TFF Başkanı Mahmut Özgener'in yaptığı açıklamalar şöyle:
"Maalesef hakemlerimiz yine istediği saha sonuçlarını elde edemeyen kulüplerimiz için can simidi görevi görmeye başlamış durumda" Bir diğer önemli konu ise, her zaman olduğu gibi son haftalar yaklaştıkça Türk futbolunun gündemine giren Türk futbol hakemliği konusu. Maalesef hakemlerimiz yine istediği saha sonuçlarını elde edemeyen kulüplerimiz için can simidi görevi görmeye başlamış durumda.
Hakemlerimizin saha sonuçları istediği gibi gelişmeyen herkesin ağzında bir kurtuluş unsuru ve başarısızlığın kaçış gerekçesi olmaya başladığını gözlemliyoruz. Bazı yöneticilerimiz ise işi tüm sorumluluklarını, temsil ettiği kulüplerimizin tüm değerlerini bir kenara bırakarak hakemlerimizi yakışıksız söylemlerle tehdit etmeye kadar götürüyor.
İnternet sitelerinin ve basın açıklamalarının araç olarak kullanıldığını, hakemlerimizin, kurullarımızda görev yapan üyelerimizin isimleri verilerek açık bir şekilde hedef gösterildiğine tanık oluyoruz.

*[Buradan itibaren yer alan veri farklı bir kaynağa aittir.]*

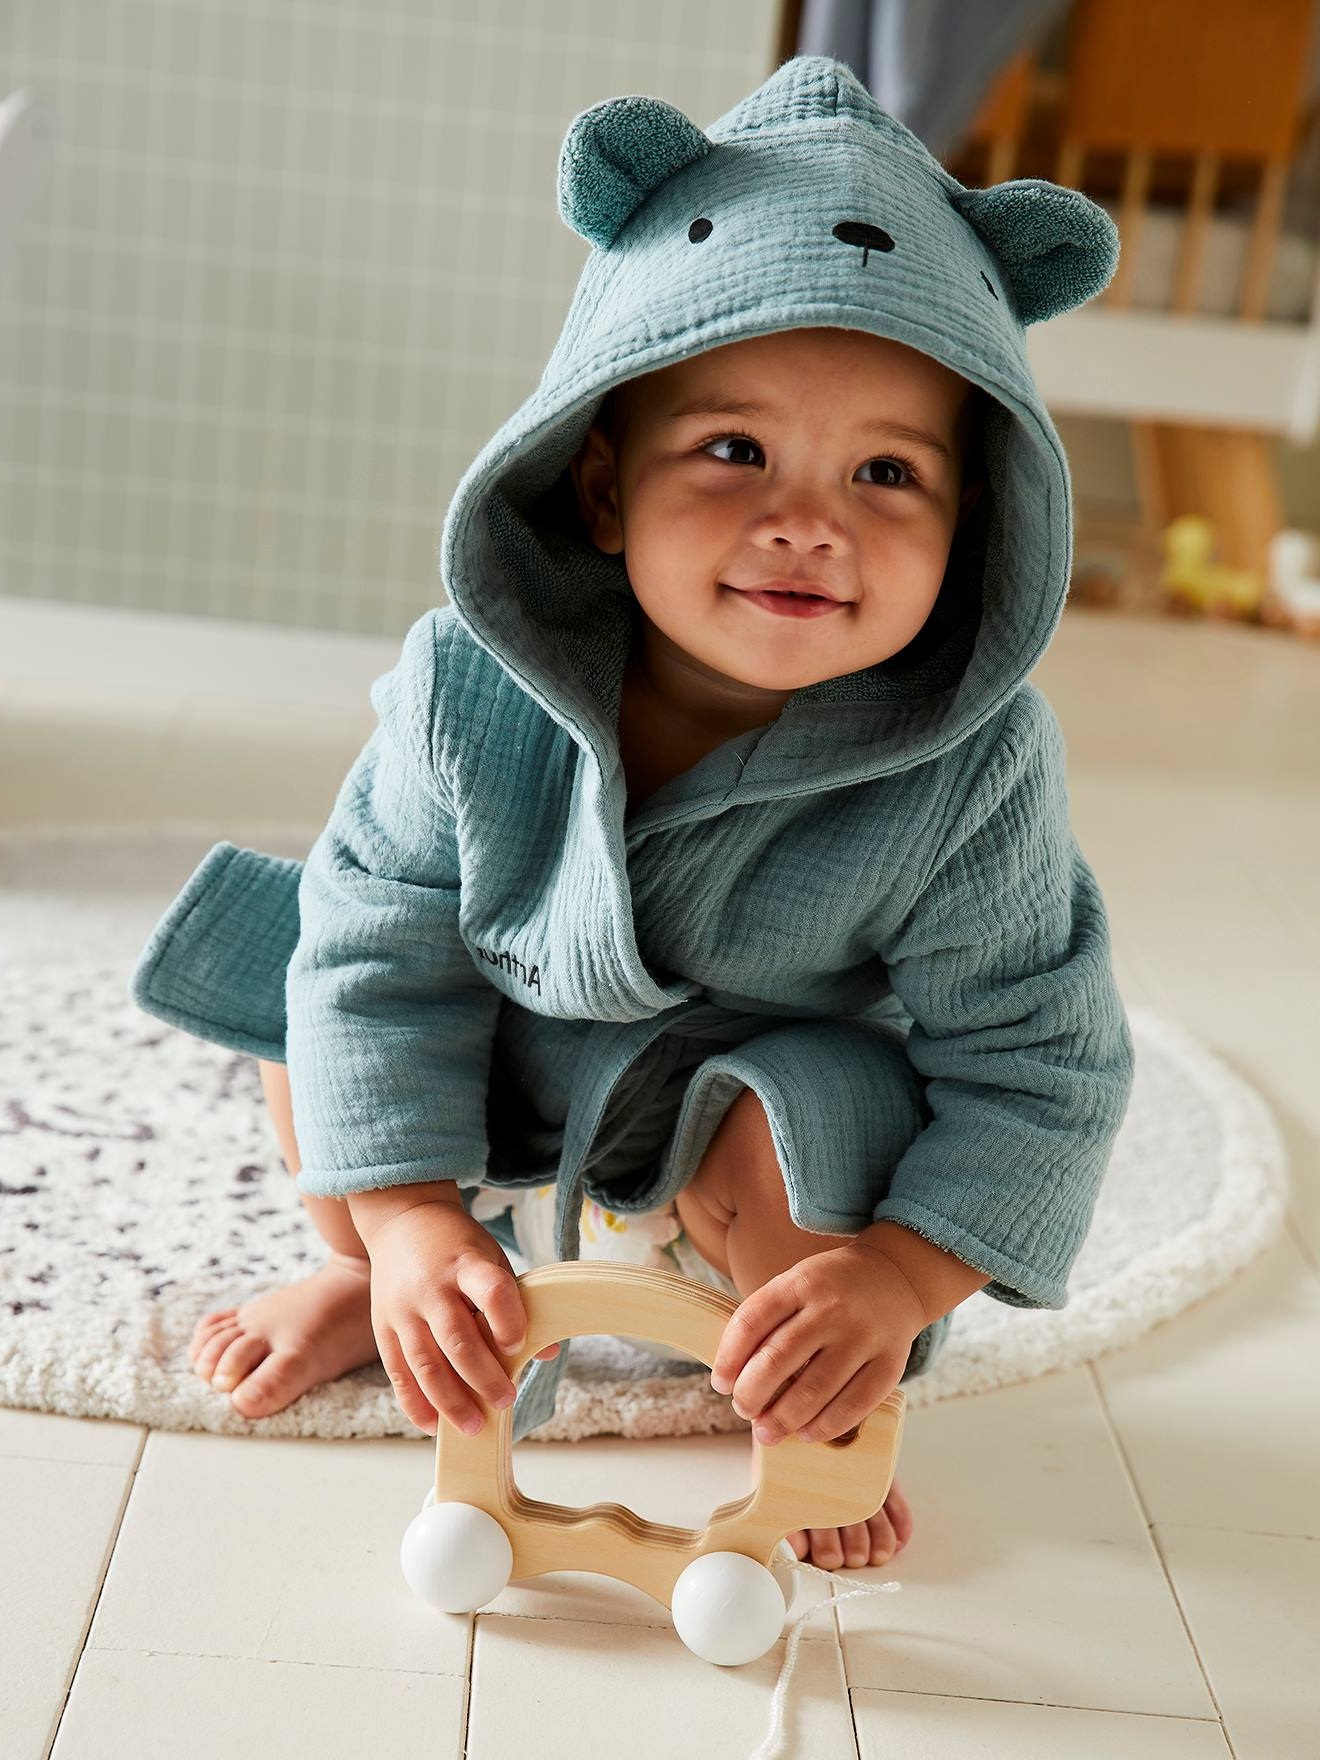 Descubre las batas bebé con diseños adorables que harán lucir aún más lindo a tu bebé

Ligin sonu yaklaştıkça gerilimi arttırarak bundan kulübü adına menfaat sağlayacağını düşünen isimlerin, üstlendikleri görevler itibariyle en sakin olması gereken kişiler olduğunu düşündüğümüzde, yaşananları büyük bir şaşkınlık ve üzüntü ile izliyoruz.
Bahsi geçen ortam içerisinde yapılan çeşitli açıklamalarda, gerçeklerin çarpıtılması ve yanlış bilgilere dayanarak ortaya atılan tezlere dayanarak adaletsizlikle suçlanmamız karşısında sessiz kalmayacağımızı belirtmek isterim.
Örneğin, bir spor kulübümüz, Galatasaray-Ankaragücü karşılaşmasında yaşanan bir olaydan yola çıkarak geçmişten bugüne kadar yaşanan birçok olayı sıralamış ve Türkiye Futbol Federasyonu'nu adaletsiz bir karar vermekle suçlamış. Ancak bu olaylar sıralanırken verilen yanlış bilgiler nedeniyle ortaya konulan tez anlamını daha en baştan yitirmiştir.
Fenerbahçe Everton maçında yaşananlar
Fenerbahçe Spor Kulübü, resmi internet sitesinden yaptığı açıklamada; 2005 yılında Fenerbahçe ile Everton arasında oynanan özel müsabakada bir taraftarın silahla yaralanması olayında kendilerine 1 maç seyircisiz oynama cezası verilirken; Galatasaray ile MKE Ankaragücü arasında oynanan müsabakada bir seyircinin tribünden atılması olayını münferit görerek sadece para cezası verilmesinin, Fenerbahçe Spor Kulübüne karşı takınılan düşmanca tutumun ifadesi olduğu iddia etmiştir.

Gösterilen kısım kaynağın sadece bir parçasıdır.